▶ _Assigned task_
Skip the pictures and write out, word for word, the lines below from the one with "Drapeau de la" through the one with "Stardust Skate Shop", inclusive.
___ Extracted information ___
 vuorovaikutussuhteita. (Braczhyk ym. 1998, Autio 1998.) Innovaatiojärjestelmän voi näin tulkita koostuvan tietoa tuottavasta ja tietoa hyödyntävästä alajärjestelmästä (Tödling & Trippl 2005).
___
___ Extracted information ___
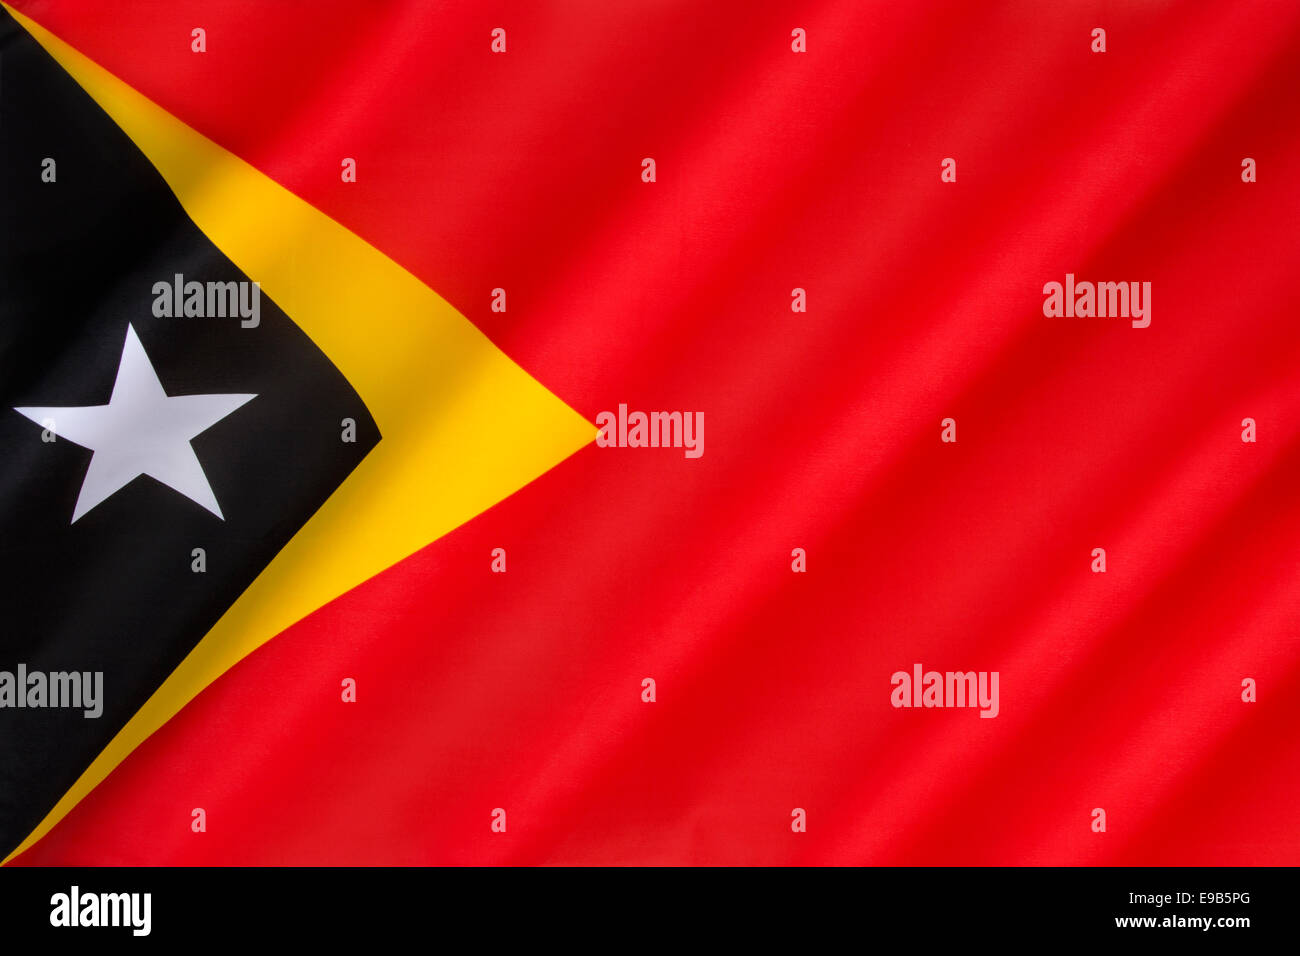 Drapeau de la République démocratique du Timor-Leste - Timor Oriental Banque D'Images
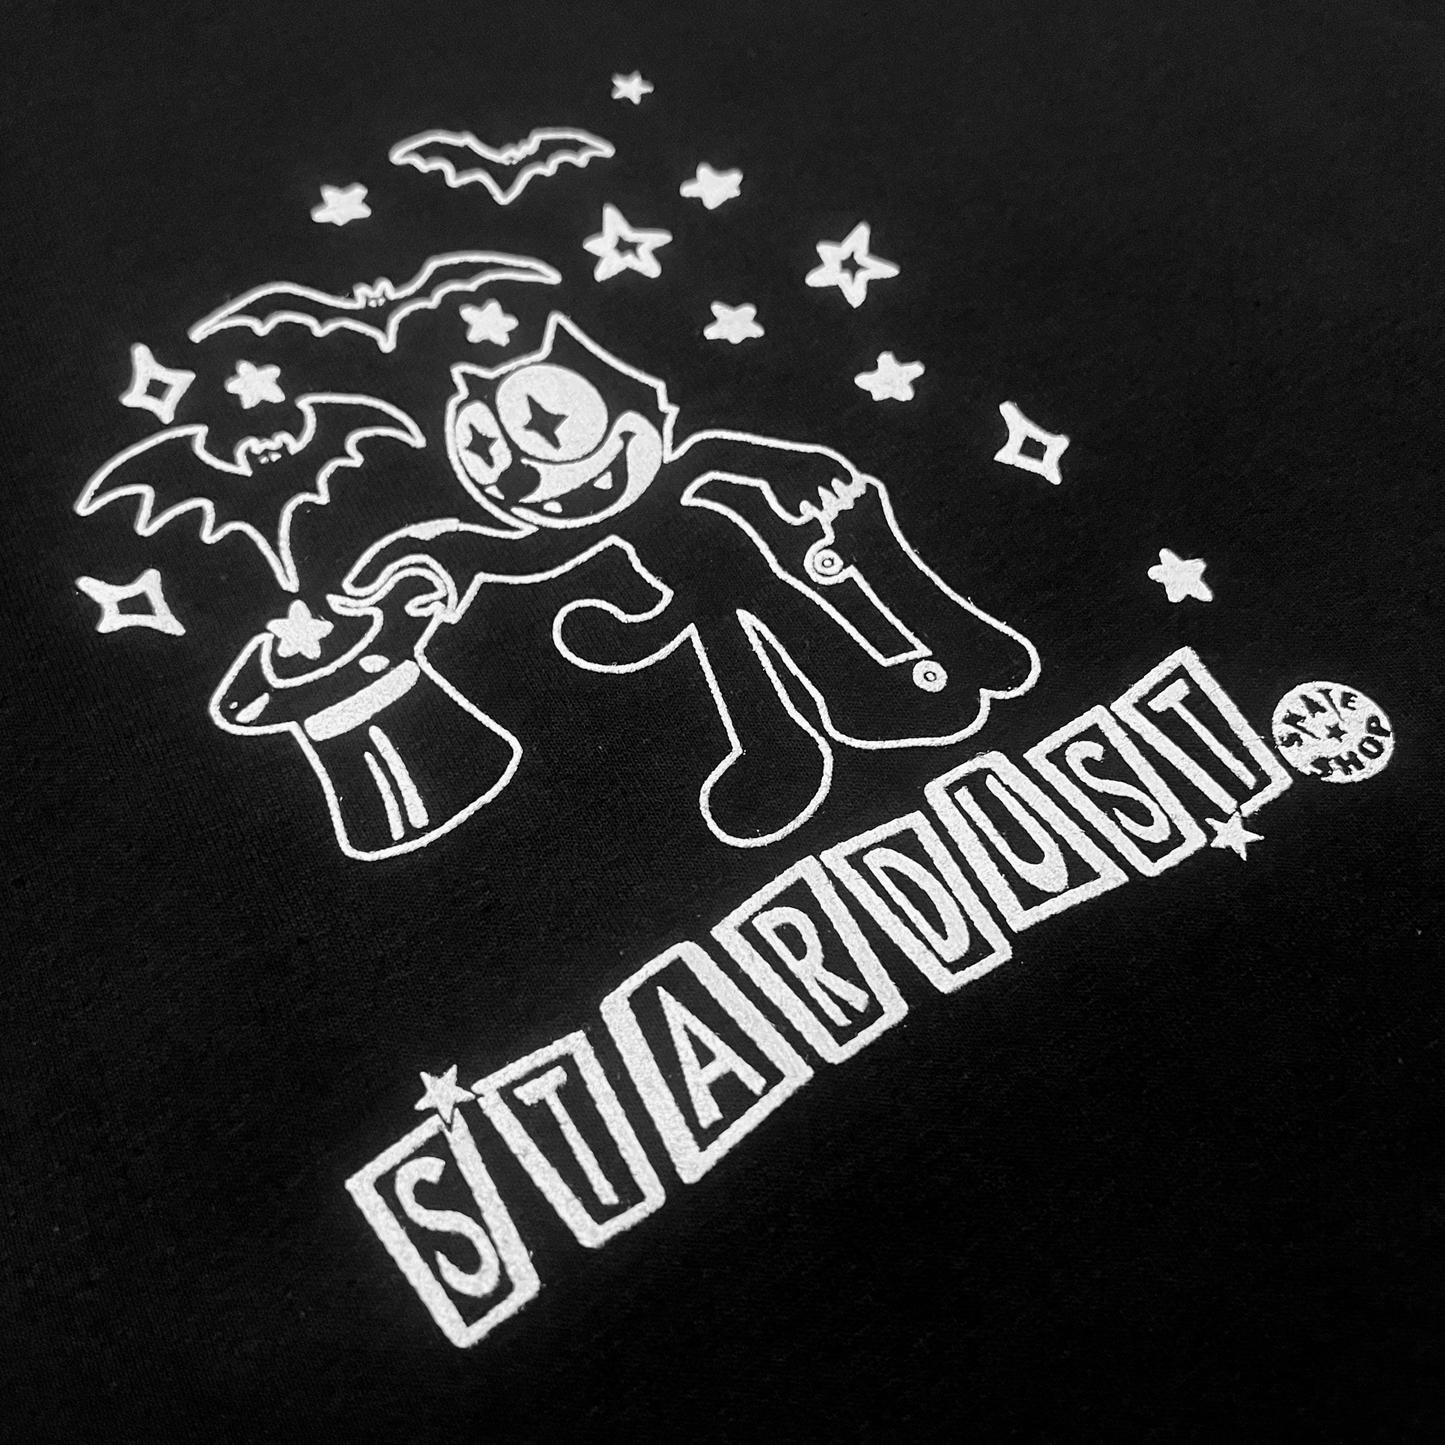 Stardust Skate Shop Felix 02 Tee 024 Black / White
___
▶ _Exercise output_
 Drapeau de la République démocratique du Timor-Leste - Timor Oriental Banque D'Images
 Stardust Skate Shop Felix 02 Tee 024 Black / White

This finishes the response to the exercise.